The remaining roles were a credit to the house and admirably taken. The firm baritone of João Fernandes was most notable, and we had a mellifluous quartet of Coryphées with some lovely, lyrical singing from Raquel Alão. There was an honesty and immediacy to the communication of the house chorus. They blasted out at the start with full-throated fervour, singing with confidence and strength. The sound was bold and vibrant but without that war of vibratos often heard elsewhere. Their dedication to everything asked of them was most impressive, combined with enough energy to power the entire city. Graeme Jenkins led a swift and exciting reading, the orchestra digging deep with bold and extrovert playing, happily far from the passive stateliness often imposed on this music. His tempi were always alive and vital, propelling the action forward. The Orquestra Sinfónica Portuguesa played extremely well for him. There was some passing scrappiness in the strings, not unknown on a first night, and the brass was deliciously raspy and full of personality. Of course, I would have preferred to have had the strings play without vibrato – the full vibrations felt somewhat out of place with Jenkins’ surging dramatism – but this is of course personal taste. Both the orchestra and the chorus reflected most positively the qualities of this estimable house.

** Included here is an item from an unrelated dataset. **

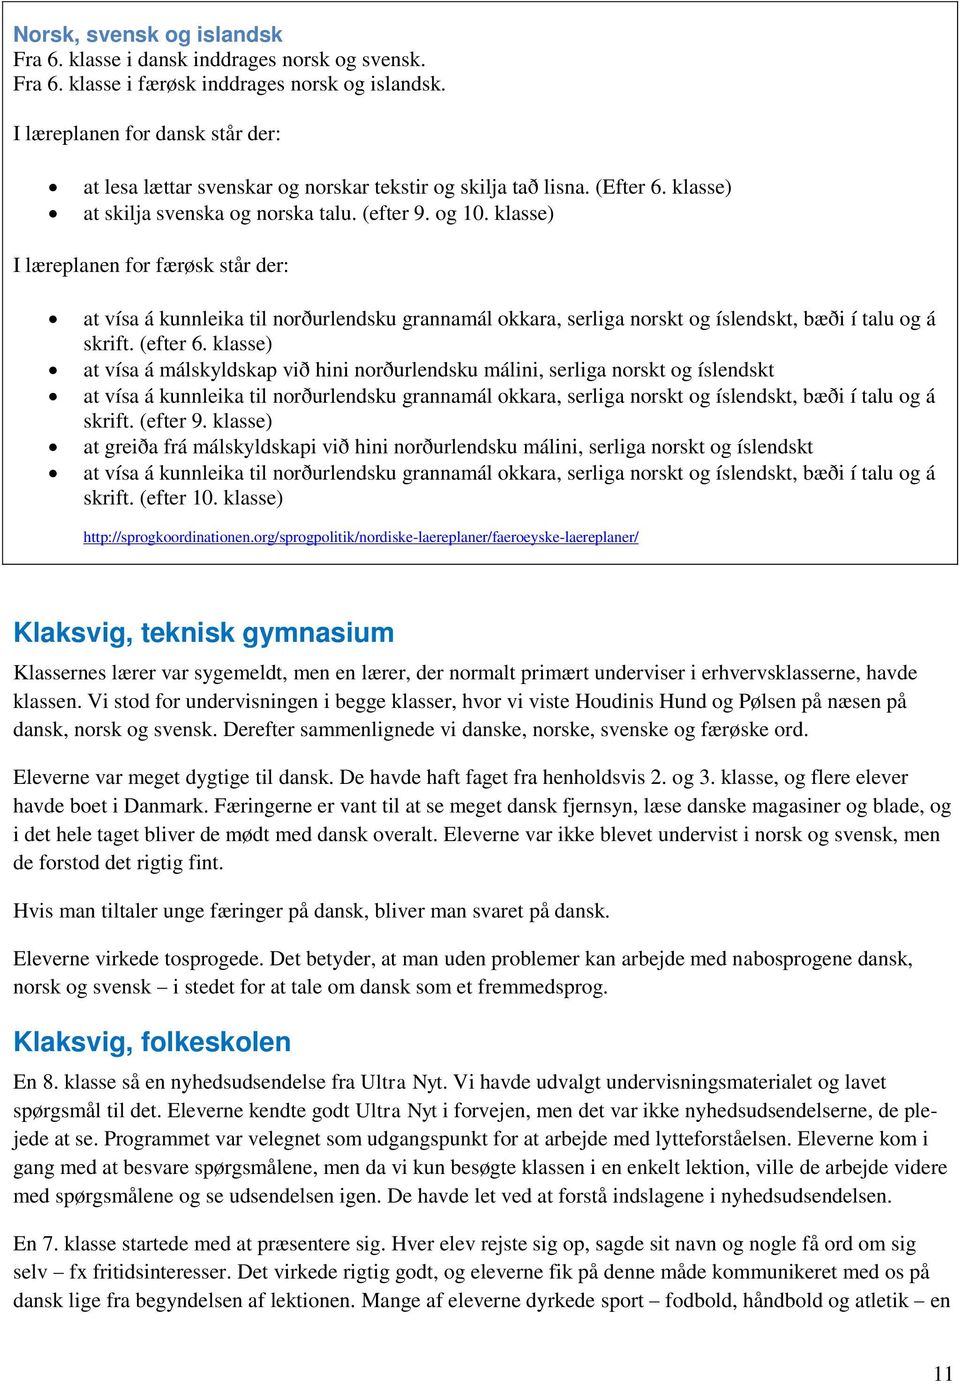 Nordiske. Forsøgsklasser. Resultatrapport. Lise Vogt - PDF Gratis download

This was ultimately a very satisfying evening. It was well played and sung in a production that had so many positive attributes. It had clearly been intensively rehearsed and marked the work of an incisive theatrical mind, even if some aspects felt unconvincing and gratuitous. That said, it was very much a performance that lived through the text, rendering the Portuguese surtitles superfluous. Above all, to cap the excellence of the whole tonight, we witnessed an outstanding, career-defining performance from Quintans. Her Alceste was defiant, tender, passionate, and held the stage. A most remarkable assumption.